In this benchmark, we mainly benchmark Dreambooth and Dreambooth+LoRA to compare fine tuning quality. We compare subject fidelity scored (DINO), how well the subject is represented in the generated images, and prompt fidelity scores (CoCa), how well the generated images match the given prompt, for a single subject, a dog from the dataset released with the original Dreambooth paper. In practice, we recommend saving checkpoints periodically and inspecting validation prompts visually. We fine tuned the unet without fine tuning the text encoder and used the following hyperparameters:
Dreambooth
- Learning rate: 5e-6
- Batch size: 1
Dreambooth+LoRA
- Learning rate: 1e-4
- Batch size: 1
- Fine tuning with Dreambooth or Dreambooth+LoRA can result in models with comparable performance. The base model produced images of the class rather than the instance.
- Dreambooth+LoRA is able to achieve the same subject fidelity score as Dreambooth if trained for more epochs.
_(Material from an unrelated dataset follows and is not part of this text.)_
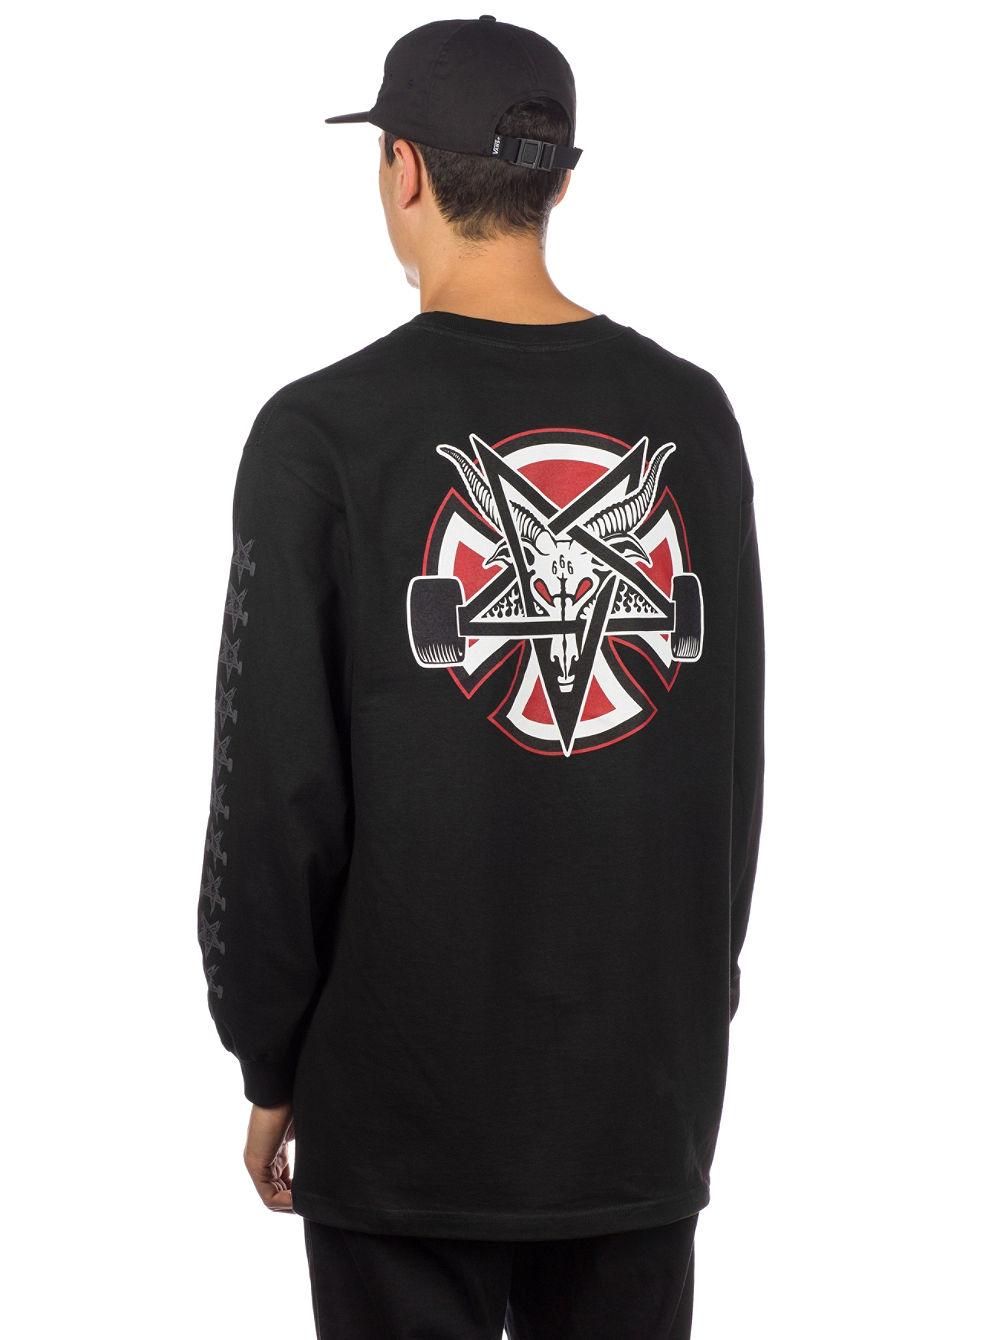 39510ece Buy Independent X Thrasher Pentagram Cross Long Sleeve T online at ...

- Increasing the number of training steps results in better subject fidelity but at the cost of prompt fidelity.
We benchmarked and suggested max batch sizes by resolutions on 1 A100 and 1 V100 as below. This is with LoRA and gradient checkpointing enabled.
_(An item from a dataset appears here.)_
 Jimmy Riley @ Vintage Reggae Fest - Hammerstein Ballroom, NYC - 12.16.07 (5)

Increasing batch size allows for more images to be considered at each training step for fine tuning. This allows models to be trained in fewer training steps. In this benchmark, we aim to show how batch size can be increased to reduce training costs while still preserving subject and prompt fidelity.
Since the training dataset consists of 5 images, we train with a batch size of 5 and reduce the number of training steps from 400 to 80. Doing so results in a model that has not learned the subject since we’ve decreased the number of training steps. Conceptually, the model is taking a more precise step at each iteration, but it is taking fewer steps. To compensate for this, we increased the learning rate from 5e-6 and observed the best results at 1e-5 for full parameter finetuning.
Comparing cost of training the “best” model for batch size 1 vs. batch size 5
A followup question is that since finetuning can be run on a single GPU, should finetuning be run on 1 V100 or A100?
Setup:
- num_train_steps=800 / batch_size
- Resolution=512
- Although V100 has a lower $/hr cost than an A100, the same training setup takes longer. Even given the longer training time, the cost on V100 is still lower.
- Dreambooth+LoRA enables training with larger batch sizes, however, larger batch sizes will not necessarily mean faster training time.
- It is possible to fine tune with 1 V100 on 512 resolution with Dreambooth+LoRA.
- Dreambooth fine tuning must be run on 1 A100 at 512 resolution.
We provide two serving dockers in vertex model garden for stable diffusion:
- pytorch-diffuser-serve:
- us-docker.pkg.dev/vertex-ai/vertex-vision-model-garden-dockers/pytorch-diffusers-serve
- This serving docker only serves base stable diffusion models and does not contain any optimizations yet.
- pytorch-peft-serve:
- us-docker.pkg.dev/vertex-ai/vertex-vision-model-garden-dockers/pytorch-peft-serve
- This serving docker can serve base stable diffusion models, and base stable diffusion models with fine tuned lora models, and contains optimization for serving.
We run the two serving dockers on T4/V100/A100 to generate 4 512*512 images, and compare the inference speed without network considerations as:
The speed up of optimized pytorch-peft-serve is about 2x than current pytorch-diffuser-serve.
Pytorch-diffuser-serve (without any optimizations)
GPU type | Time required to generate 4 512x512 images | Machine unit price ($ / hour) | Cost per image ($) |
---|---|---|---|
T4 | 28.6 | 0.4025 | 0.00080 |
V100 | 8.8 | 2.852 | 0.00174 |
A100 | 4.2 | 4.2245 | 0.00123 |
Pytorch-peft-serve (with optimizations)
GPU type | Time required to generate 4 512x512 images | Machine unit price ($ / hour) | Cost per image ($) |
---|---|---|---|
T4 | 12.6 | 0.4025 | 0.00035 |
V100 | 4.1 | 2.852 | 0.00081 |
A100 | 1.7 | 4.2245 | 0.00050 |
- The optimized pytorch-peft-serve has approximately half the price per image, compared with the un-optimized pytorch-diffuser-serve.
- Serving the model with a T4 is most cost effective, however, serving with an A100 still has the best throughput and fastest predictions.